▶ **REQUIREMENT**
The lines from the top of the listing through the one containing "Plastový obal HEAD" are to be retyped exactly, with no other lines.
#####
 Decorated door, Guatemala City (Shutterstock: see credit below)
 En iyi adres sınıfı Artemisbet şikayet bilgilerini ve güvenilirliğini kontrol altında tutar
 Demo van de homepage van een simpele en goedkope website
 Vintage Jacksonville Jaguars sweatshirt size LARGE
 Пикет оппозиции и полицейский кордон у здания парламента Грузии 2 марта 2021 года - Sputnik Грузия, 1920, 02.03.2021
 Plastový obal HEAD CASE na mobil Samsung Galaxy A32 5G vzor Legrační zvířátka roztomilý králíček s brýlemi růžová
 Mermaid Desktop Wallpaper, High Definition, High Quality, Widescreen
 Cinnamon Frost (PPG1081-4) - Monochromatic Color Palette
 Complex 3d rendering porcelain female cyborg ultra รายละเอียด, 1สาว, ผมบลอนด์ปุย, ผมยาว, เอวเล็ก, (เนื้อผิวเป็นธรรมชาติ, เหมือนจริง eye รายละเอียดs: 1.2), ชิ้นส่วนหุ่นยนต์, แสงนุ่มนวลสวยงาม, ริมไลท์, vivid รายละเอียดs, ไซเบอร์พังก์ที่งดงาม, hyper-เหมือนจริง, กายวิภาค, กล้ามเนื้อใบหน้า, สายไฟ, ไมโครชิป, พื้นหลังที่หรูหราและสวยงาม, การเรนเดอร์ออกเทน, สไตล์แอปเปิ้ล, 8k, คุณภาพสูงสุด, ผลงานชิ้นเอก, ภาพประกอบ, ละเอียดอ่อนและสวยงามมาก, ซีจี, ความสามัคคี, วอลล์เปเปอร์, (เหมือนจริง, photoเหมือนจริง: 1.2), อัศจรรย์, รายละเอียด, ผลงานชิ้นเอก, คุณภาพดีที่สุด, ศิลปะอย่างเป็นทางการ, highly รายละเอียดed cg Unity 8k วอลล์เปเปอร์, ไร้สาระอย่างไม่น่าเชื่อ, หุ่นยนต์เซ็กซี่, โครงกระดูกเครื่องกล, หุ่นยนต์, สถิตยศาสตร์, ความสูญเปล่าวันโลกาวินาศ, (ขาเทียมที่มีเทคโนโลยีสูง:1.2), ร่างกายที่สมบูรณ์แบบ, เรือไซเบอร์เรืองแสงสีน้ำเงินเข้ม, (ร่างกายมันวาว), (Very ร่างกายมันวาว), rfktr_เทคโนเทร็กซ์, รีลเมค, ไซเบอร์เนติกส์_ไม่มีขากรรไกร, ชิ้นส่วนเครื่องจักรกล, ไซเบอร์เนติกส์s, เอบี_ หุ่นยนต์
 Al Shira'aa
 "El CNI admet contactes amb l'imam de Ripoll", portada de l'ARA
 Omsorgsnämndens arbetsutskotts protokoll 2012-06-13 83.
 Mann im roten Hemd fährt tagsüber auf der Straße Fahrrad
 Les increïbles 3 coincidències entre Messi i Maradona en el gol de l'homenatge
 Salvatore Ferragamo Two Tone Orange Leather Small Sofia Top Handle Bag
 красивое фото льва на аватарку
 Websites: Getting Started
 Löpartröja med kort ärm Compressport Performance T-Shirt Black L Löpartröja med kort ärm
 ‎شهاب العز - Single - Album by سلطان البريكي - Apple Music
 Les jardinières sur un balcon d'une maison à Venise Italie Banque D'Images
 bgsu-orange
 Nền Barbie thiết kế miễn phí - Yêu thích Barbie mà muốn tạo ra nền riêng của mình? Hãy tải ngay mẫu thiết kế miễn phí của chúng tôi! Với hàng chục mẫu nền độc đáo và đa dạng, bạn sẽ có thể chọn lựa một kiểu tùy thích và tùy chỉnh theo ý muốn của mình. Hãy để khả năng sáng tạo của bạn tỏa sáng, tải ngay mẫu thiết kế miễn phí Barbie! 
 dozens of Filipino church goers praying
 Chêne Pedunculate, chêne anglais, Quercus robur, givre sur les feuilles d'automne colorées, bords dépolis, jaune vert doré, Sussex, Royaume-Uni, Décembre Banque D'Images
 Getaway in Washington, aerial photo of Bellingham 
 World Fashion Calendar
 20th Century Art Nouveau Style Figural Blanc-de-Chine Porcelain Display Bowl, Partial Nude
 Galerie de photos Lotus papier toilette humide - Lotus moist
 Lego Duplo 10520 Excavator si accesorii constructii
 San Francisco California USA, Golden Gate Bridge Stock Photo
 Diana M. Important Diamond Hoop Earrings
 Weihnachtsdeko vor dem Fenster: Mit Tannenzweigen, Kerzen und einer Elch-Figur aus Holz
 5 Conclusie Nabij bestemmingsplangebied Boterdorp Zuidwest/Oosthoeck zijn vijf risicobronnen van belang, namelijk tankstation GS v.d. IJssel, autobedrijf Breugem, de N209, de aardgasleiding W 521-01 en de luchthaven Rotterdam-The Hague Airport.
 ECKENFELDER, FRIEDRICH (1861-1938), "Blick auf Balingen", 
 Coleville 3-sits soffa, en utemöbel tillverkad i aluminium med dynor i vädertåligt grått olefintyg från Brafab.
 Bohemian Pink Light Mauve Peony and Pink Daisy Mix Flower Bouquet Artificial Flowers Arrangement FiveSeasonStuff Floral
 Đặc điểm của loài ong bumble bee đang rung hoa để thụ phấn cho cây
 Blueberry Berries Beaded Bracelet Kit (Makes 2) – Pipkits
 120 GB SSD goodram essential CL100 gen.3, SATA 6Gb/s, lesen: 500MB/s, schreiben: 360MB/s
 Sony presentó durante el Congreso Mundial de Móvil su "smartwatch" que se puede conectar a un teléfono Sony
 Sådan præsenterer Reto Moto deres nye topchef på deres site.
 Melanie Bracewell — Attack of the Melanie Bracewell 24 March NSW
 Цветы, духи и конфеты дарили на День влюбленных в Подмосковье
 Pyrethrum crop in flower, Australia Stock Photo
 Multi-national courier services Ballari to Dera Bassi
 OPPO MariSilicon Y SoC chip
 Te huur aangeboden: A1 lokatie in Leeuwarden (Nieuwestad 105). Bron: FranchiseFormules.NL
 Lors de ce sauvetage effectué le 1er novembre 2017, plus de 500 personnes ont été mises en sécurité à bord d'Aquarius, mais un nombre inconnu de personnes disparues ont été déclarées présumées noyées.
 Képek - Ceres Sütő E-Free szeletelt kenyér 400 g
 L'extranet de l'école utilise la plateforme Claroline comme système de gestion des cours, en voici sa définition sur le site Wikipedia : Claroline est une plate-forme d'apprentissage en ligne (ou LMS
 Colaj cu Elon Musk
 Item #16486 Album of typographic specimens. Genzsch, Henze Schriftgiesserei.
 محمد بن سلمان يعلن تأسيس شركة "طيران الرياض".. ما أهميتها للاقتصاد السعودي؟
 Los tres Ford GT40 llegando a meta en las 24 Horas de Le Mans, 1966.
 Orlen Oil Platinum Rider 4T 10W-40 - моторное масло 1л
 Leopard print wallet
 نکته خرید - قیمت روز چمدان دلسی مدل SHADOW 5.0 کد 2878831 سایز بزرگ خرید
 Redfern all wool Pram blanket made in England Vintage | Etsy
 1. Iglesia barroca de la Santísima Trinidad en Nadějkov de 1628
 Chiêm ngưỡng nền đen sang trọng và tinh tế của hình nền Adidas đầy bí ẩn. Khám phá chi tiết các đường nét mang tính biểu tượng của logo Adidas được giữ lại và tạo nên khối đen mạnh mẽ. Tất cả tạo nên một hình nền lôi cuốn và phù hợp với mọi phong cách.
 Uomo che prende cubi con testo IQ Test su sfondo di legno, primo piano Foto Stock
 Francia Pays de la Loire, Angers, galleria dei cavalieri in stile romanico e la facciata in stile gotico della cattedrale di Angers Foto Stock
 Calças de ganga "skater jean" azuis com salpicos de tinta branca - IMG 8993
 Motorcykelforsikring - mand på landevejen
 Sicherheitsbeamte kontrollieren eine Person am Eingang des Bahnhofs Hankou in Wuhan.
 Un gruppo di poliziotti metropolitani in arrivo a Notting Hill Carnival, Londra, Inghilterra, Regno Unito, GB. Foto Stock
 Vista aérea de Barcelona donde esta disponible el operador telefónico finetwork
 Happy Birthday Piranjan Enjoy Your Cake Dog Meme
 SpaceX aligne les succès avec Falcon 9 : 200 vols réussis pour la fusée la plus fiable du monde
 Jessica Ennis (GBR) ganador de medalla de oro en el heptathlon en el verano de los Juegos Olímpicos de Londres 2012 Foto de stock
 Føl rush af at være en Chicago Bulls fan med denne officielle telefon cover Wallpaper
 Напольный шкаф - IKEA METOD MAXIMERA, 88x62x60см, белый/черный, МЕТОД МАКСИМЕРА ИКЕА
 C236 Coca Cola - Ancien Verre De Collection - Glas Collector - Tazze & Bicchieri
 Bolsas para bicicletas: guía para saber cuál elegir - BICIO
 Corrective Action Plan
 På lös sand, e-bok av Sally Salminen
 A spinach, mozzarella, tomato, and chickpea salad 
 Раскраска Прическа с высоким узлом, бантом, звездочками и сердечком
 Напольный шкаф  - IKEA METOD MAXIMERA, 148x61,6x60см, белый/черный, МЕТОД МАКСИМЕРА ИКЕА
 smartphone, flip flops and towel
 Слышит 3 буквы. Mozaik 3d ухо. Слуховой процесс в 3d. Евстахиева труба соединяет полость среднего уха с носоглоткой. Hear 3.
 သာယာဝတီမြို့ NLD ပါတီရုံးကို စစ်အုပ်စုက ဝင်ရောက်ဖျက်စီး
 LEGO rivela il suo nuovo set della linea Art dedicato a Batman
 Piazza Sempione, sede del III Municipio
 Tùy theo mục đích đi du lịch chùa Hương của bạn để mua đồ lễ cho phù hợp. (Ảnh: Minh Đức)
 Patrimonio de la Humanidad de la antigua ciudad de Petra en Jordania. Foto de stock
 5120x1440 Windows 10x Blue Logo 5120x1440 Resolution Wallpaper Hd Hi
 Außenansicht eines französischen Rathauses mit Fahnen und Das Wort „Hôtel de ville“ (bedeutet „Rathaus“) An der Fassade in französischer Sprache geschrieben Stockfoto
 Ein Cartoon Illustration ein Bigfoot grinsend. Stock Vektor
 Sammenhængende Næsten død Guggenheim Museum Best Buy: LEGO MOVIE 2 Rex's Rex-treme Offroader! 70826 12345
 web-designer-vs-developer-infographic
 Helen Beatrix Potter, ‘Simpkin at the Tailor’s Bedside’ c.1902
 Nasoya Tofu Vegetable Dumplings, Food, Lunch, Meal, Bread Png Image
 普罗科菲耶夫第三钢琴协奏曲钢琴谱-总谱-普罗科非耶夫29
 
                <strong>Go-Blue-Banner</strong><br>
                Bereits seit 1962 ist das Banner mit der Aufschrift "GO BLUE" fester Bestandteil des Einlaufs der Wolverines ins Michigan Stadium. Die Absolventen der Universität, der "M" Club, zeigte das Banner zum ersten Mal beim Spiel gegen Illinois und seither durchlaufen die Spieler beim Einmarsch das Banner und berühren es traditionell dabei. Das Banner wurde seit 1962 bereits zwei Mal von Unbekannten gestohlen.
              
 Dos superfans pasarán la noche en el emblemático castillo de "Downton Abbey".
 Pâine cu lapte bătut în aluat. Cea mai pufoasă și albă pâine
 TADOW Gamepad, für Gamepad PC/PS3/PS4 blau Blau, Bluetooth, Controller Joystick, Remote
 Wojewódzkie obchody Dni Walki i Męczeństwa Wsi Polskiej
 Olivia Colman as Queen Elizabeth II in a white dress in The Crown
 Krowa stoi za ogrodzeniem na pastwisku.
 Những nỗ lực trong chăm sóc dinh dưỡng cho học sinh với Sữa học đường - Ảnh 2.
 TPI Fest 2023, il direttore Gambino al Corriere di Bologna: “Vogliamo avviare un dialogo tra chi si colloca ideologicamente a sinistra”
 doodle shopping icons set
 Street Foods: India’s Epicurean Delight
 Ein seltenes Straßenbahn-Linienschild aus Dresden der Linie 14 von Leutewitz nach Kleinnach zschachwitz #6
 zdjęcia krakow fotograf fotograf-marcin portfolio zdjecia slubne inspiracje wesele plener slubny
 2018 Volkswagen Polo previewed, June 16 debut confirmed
#####
▶ **TASK RESULT**
 Decorated door, Guatemala City (Shutterstock: see credit below)
 En iyi adres sınıfı Artemisbet şikayet bilgilerini ve güvenilirliğini kontrol altında tutar
 Demo van de homepage van een simpele en goedkope website
 Vintage Jacksonville Jaguars sweatshirt size LARGE
 Пикет оппозиции и полицейский кордон у здания парламента Грузии 2 марта 2021 года - Sputnik Грузия, 1920, 02.03.2021
 Plastový obal HEAD CASE na mobil Samsung Galaxy A32 5G vzor Legrační zvířátka roztomilý králíček s brýlemi růžová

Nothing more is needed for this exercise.